Just went to Audrey's T-SQL Awesomeness at SQL Pass for some enthusiastic pointers on writing awesome and cool code :) I really loved to see how excited she was about writing readable, functional but smart looking code.

She talk mostly about CTE (Common Table Expressions) and she showed how to make recursive functions. She had a simple ex. which produce a 25 records each with one more + using recursive CTE. She said she wanted to make a Christmas tree but could figure out how. So I though I would give it a go :)




with ChristmasTree (RowNumber, TreeData) as
(
/* Select the top - this is the anchor */
select 0 as RowNumber, cast(replicate(' ', 25)+'*'+replicate(' ', 25) as varchar(51)) as TreeData
union all
/* Select the rest from it self until we have 25 rows (plus the top)
  For each time it picks up one more star on each side of the tree
  This is the recursive menber */
select RowNumber+1 as RowNumber, cast(replicate(' ', 25-RowNumber)+replicate('*',RowNumber+1)+replicate(' ', 25-RowNumber) as varchar(51)) as TreeData
from ChristmasTree
where RowNumber < 25
)
/* Statement to fire it all up */
select TreeData from ChristmasTree



The last statement is the one firing up under the recursive call. It call into ChristmasTree (CTE).

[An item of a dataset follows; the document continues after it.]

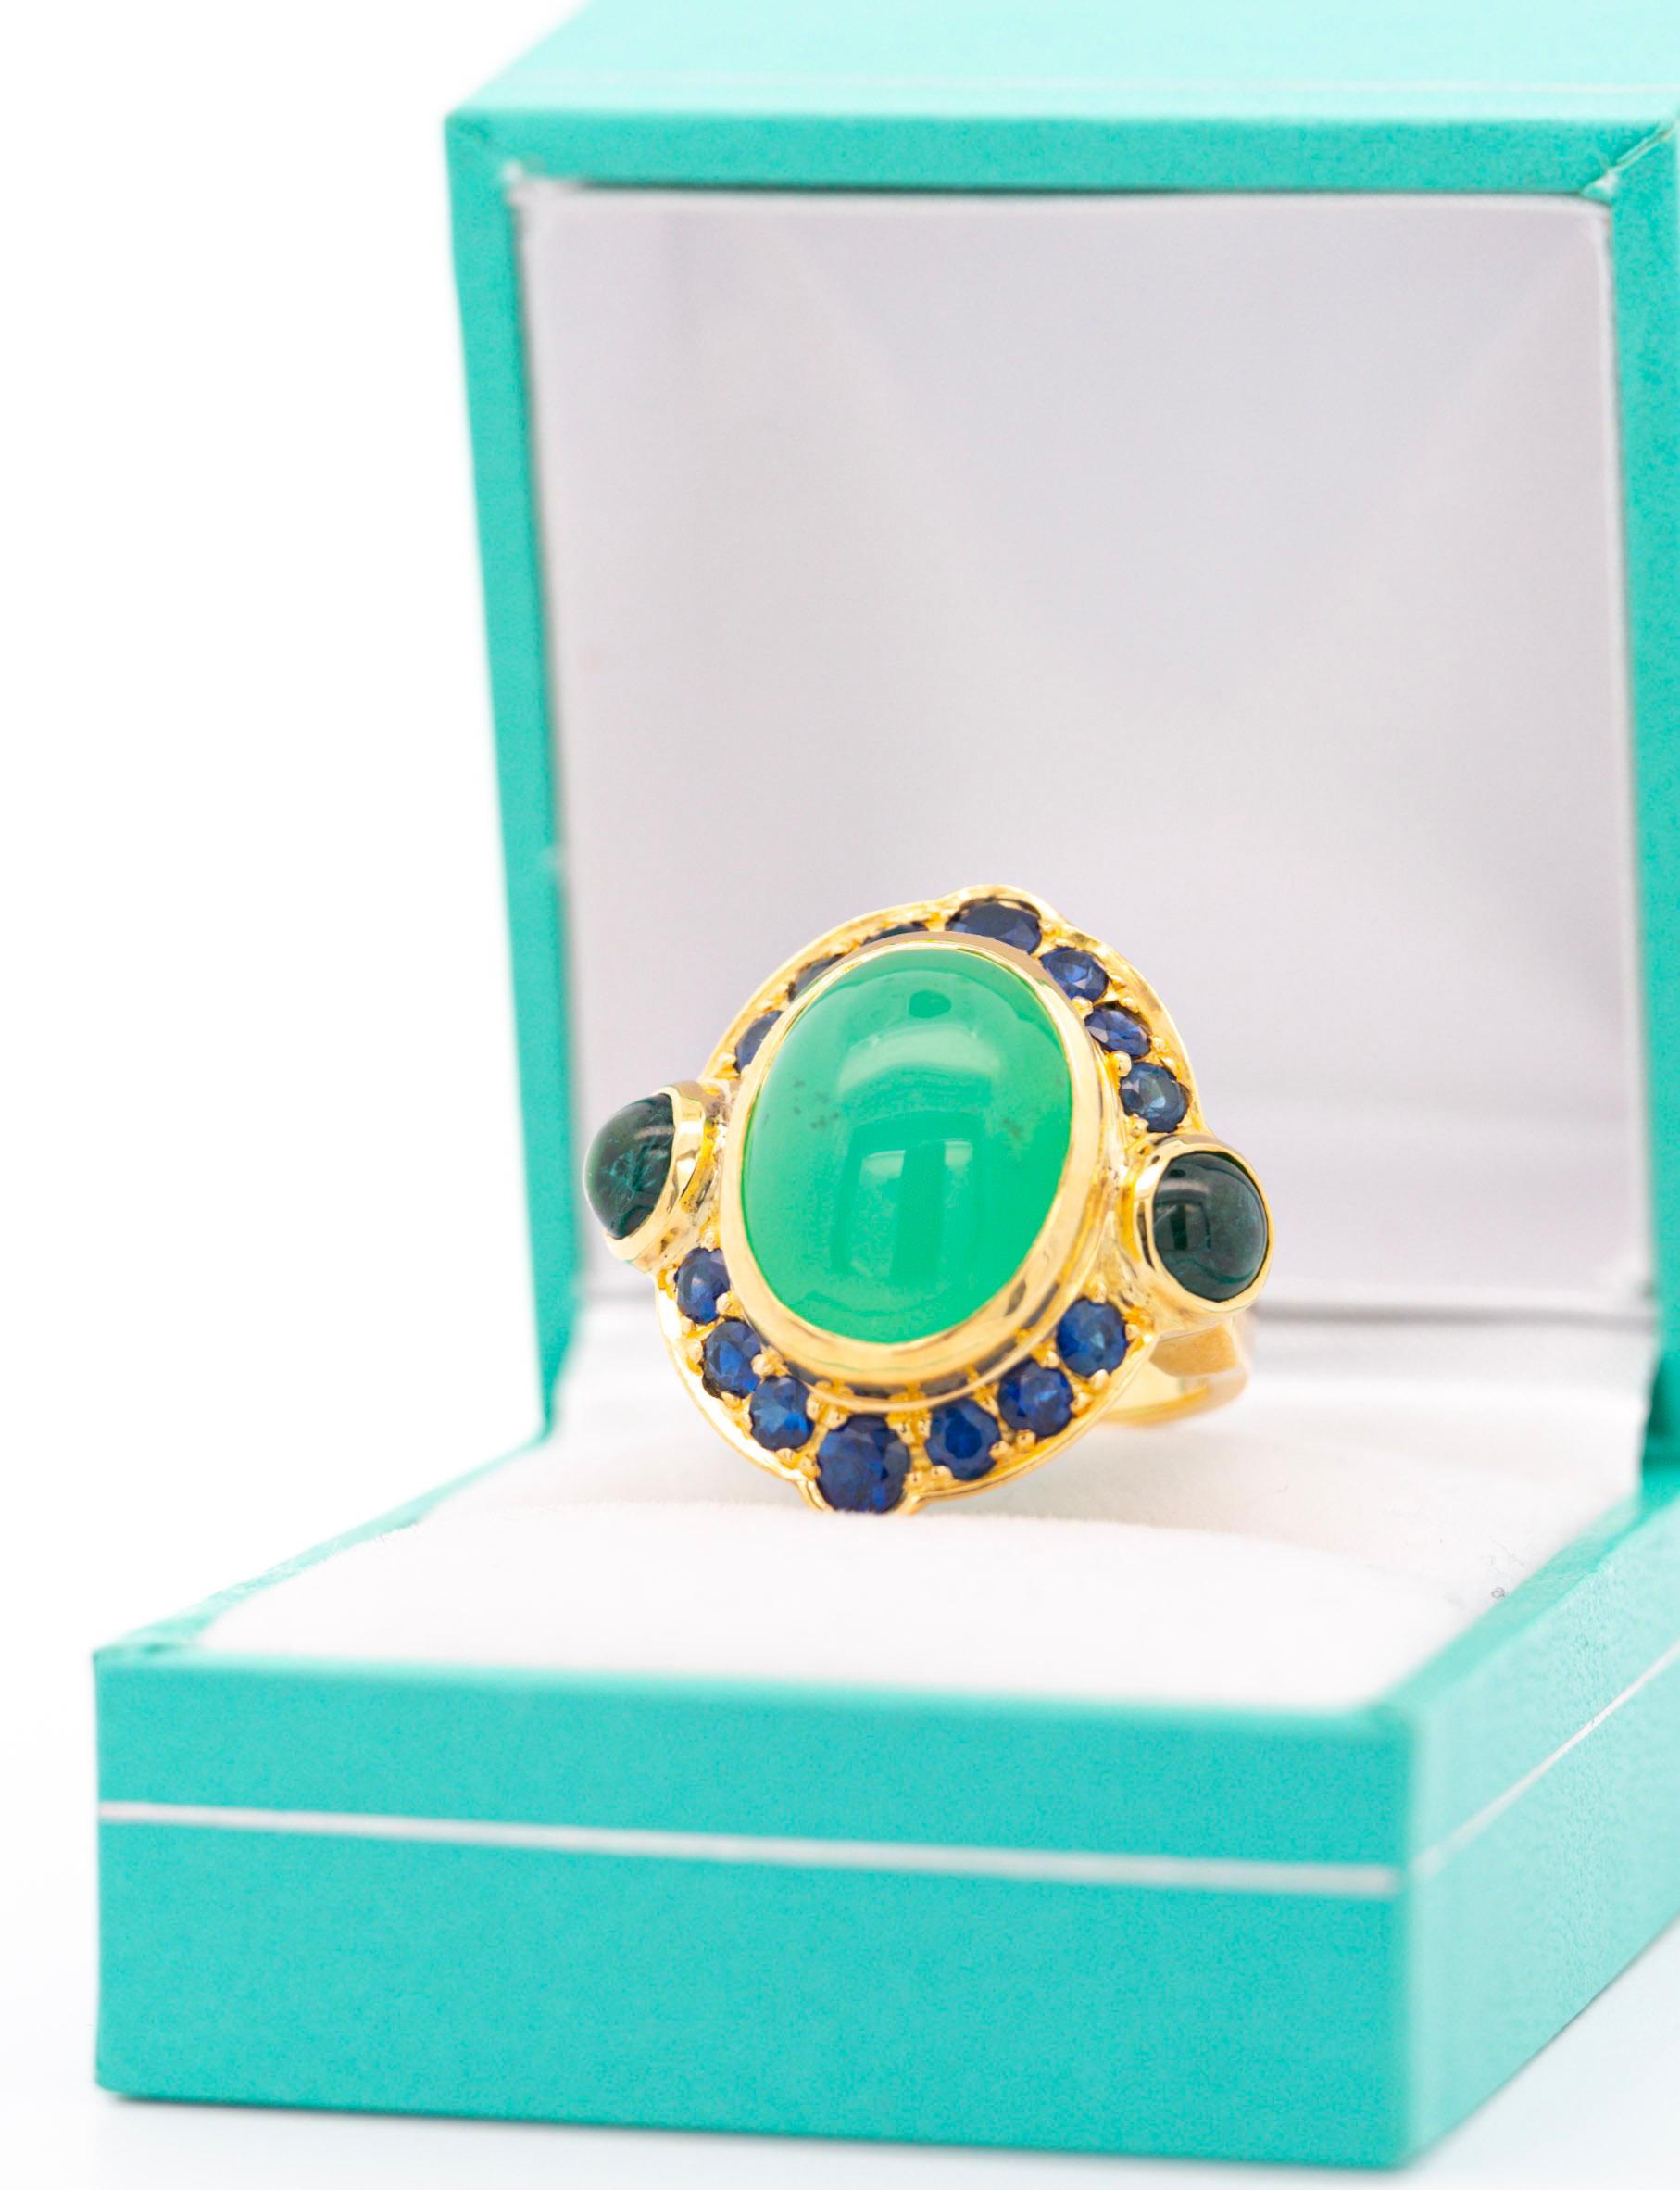 Women's Vintage 12 Carat Cabochon Cut Chalcedony Quartz & Sapphire Ring in 14K Gold Ring

The first statement call in the CTE is the anchor. It needed to lay the foundation of the recursiveness.

The statement below is call. And was it really does is sending RowNumber and TreeData into the next recursive call. So the next call has RowNumber 2 and so on. This keeps happening until RowNumber hits 25.

If you remove the where part it will keep going until it has nested down for 32767 (signed int max number) and then it breaks. Well it might stop after 100 iteration which is SQL server default recursion deept.

But this is a truly powerful tool to get for instance all children from a parent throug multible levels.